Work instruction:
Pictures aside, the output must consist of the lines from the one containing "Pro, i7, 16G" through the end of the data, reproduced exactly.

Given information:
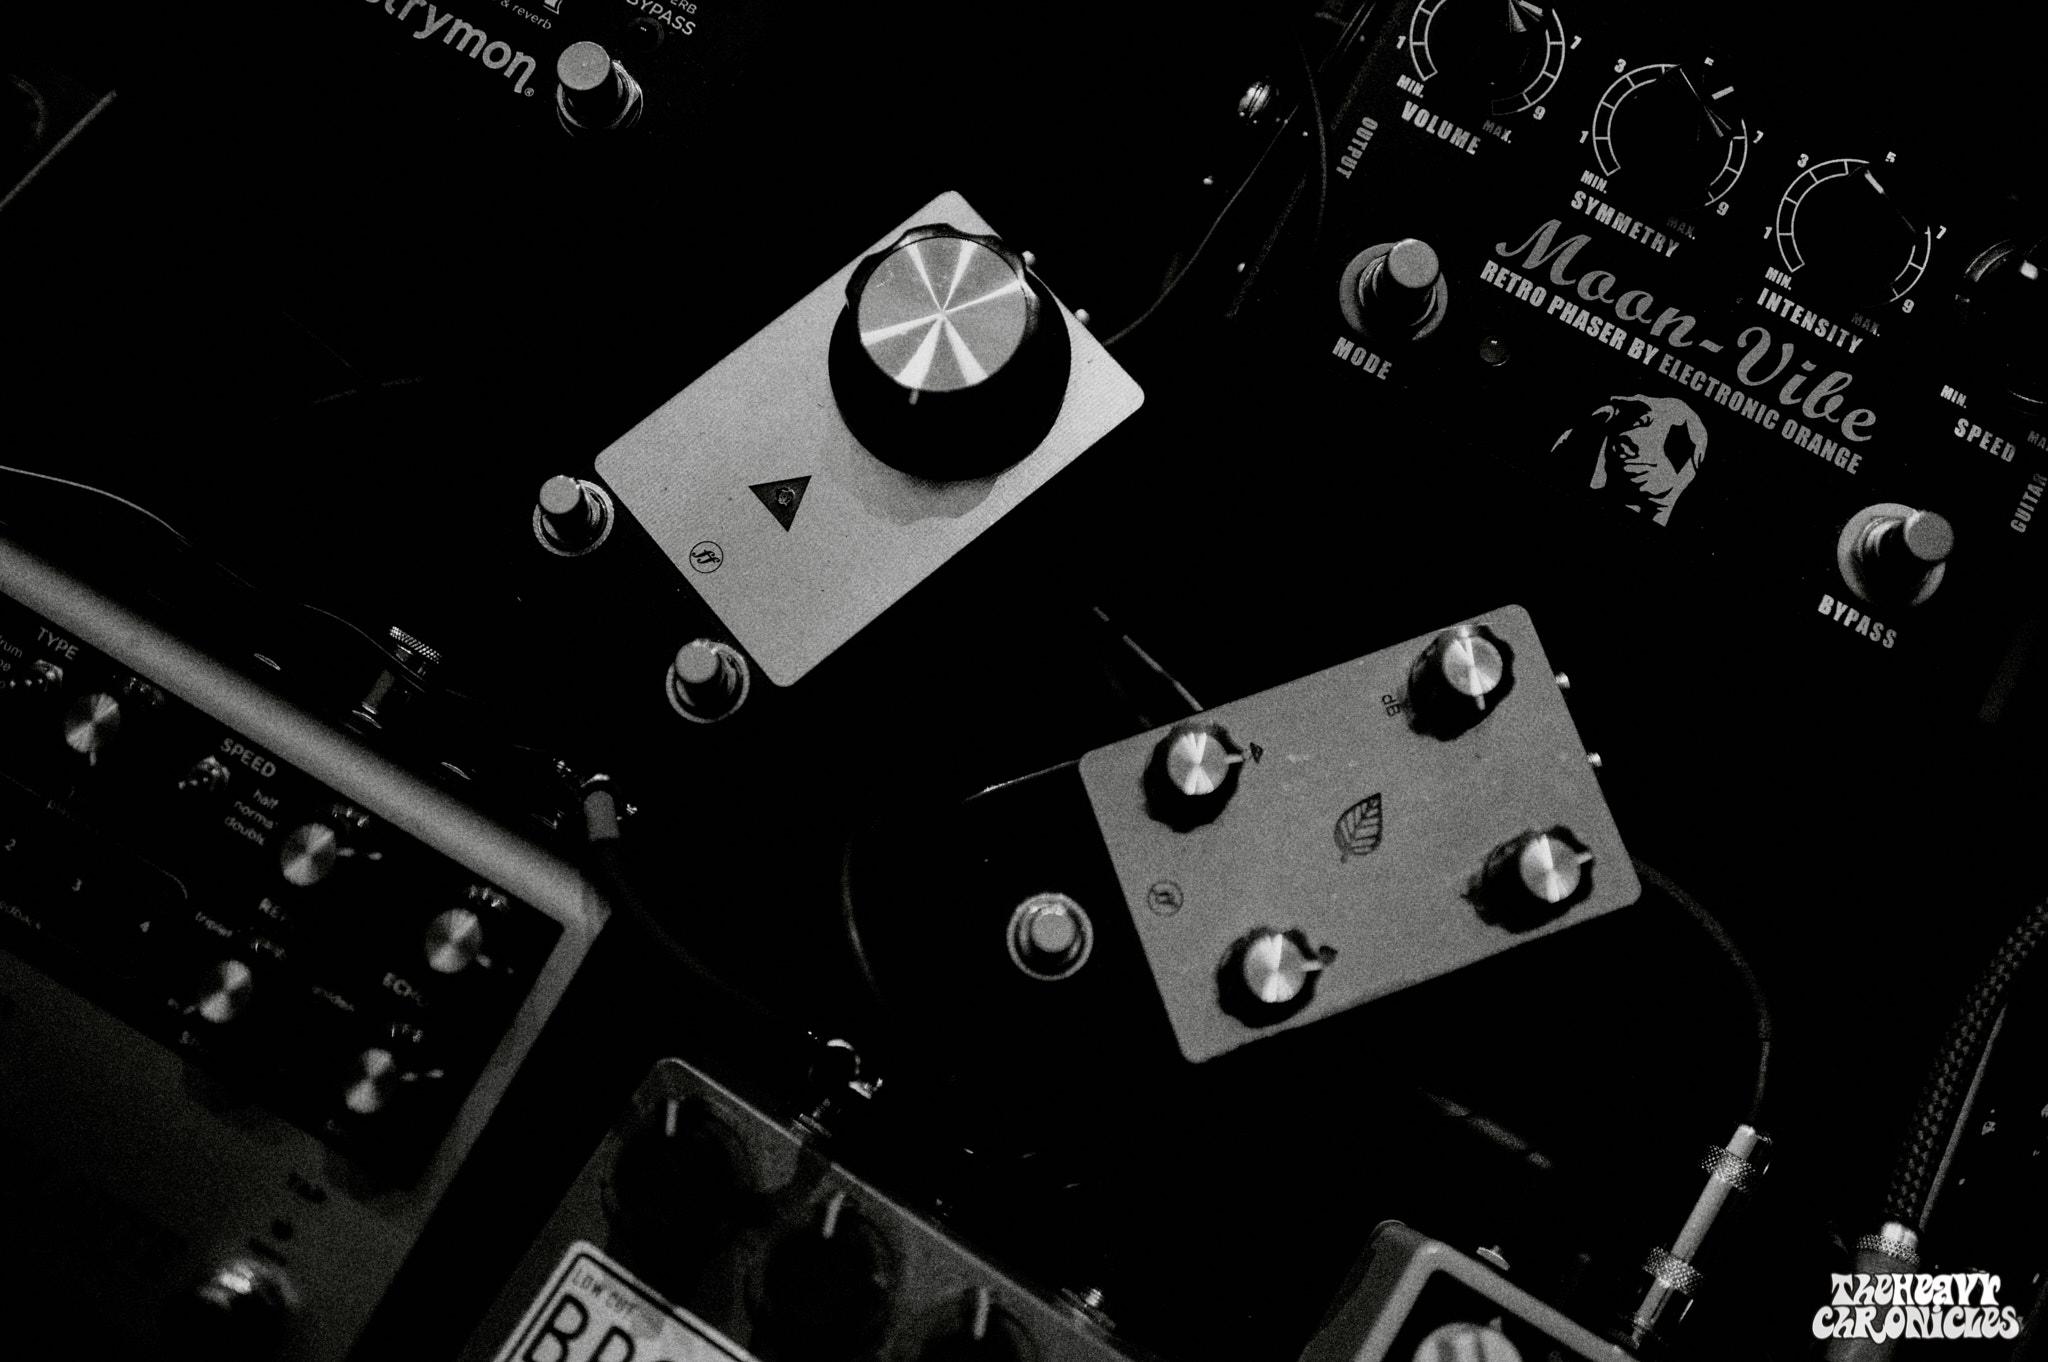 Elder-Studio-Black-Box-2019-Gael-Mathieu-The-Heavy-Chronicles-27
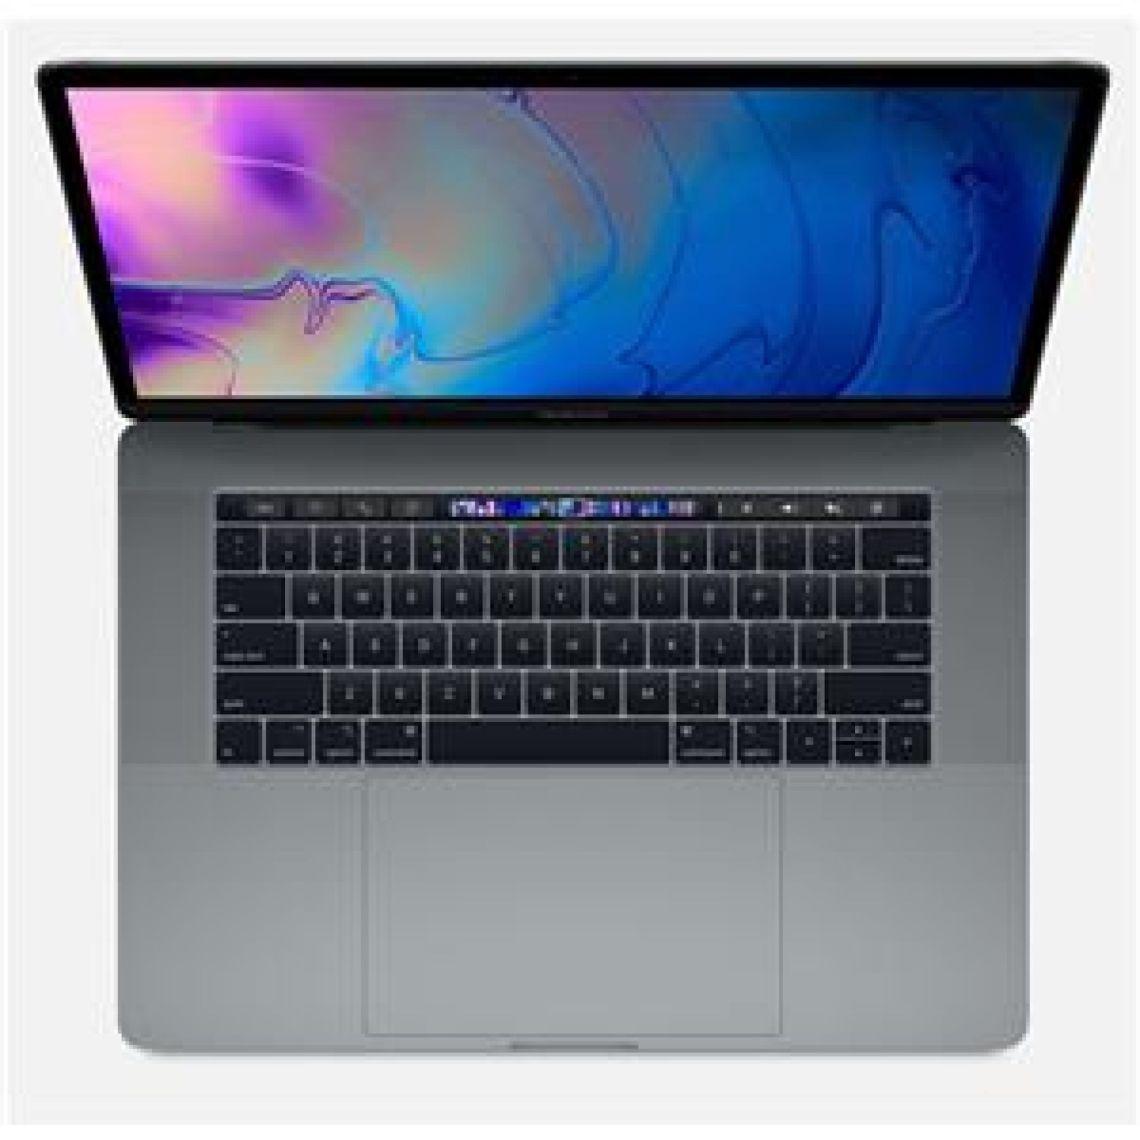 "Apple 15"" MacBook Pro, i7, 16G RAM, 512GB SSD, macOS High Sierra, Space Gray"
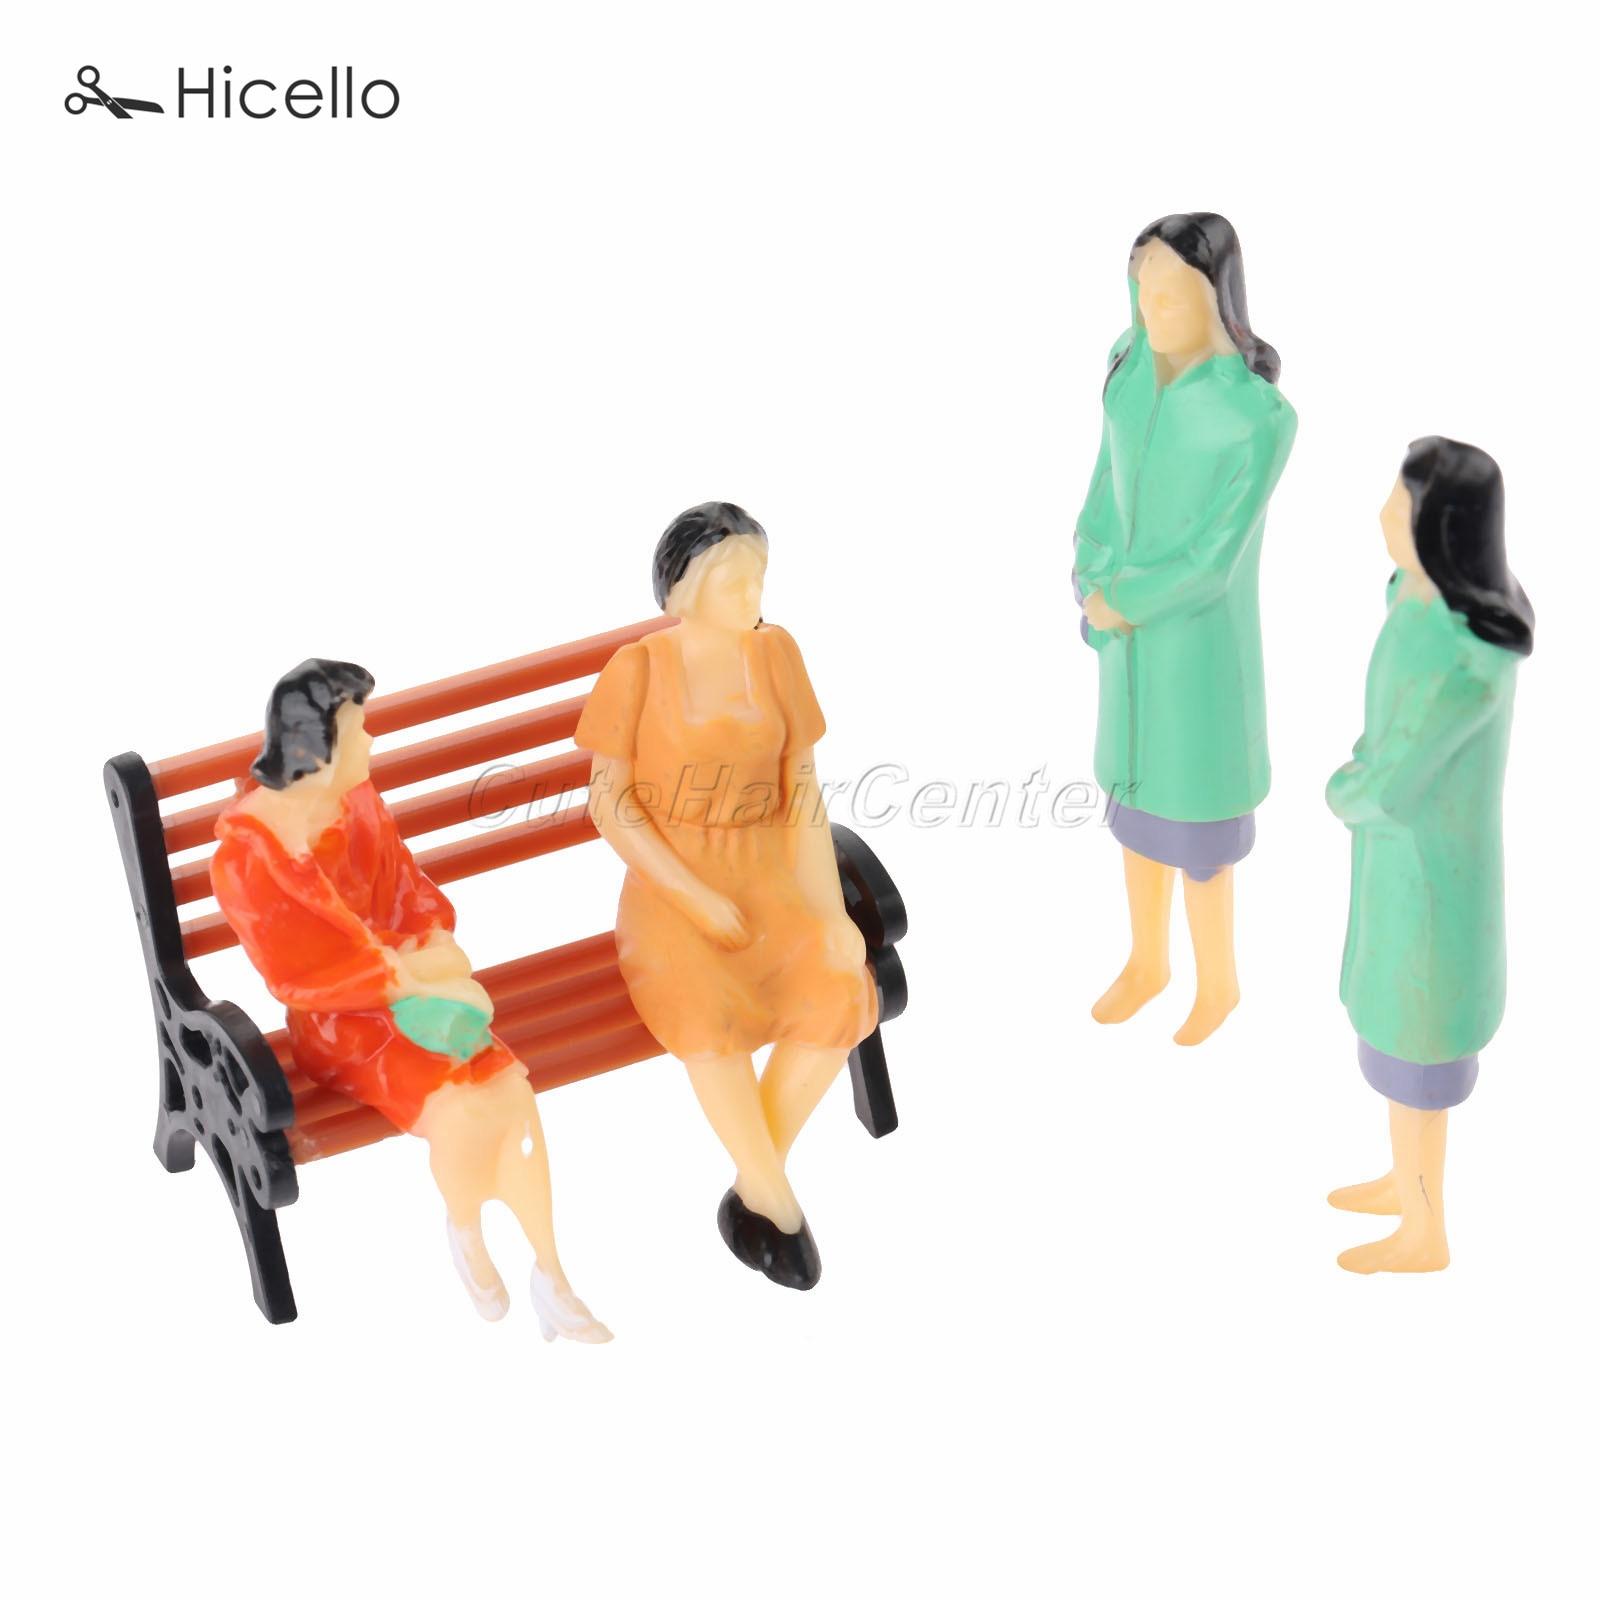 10pcs 1:30 multicolor Model People 65mm+ 5pcs Model park bench model 42mm plastic human chair figures scenery simulation

Exercise result:
 "Apple 15"" MacBook Pro, i7, 16G RAM, 512GB SSD, macOS High Sierra, Space Gray"
 10pcs 1:30 multicolor Model People 65mm+ 5pcs Model park bench model 42mm plastic human chair figures scenery simulation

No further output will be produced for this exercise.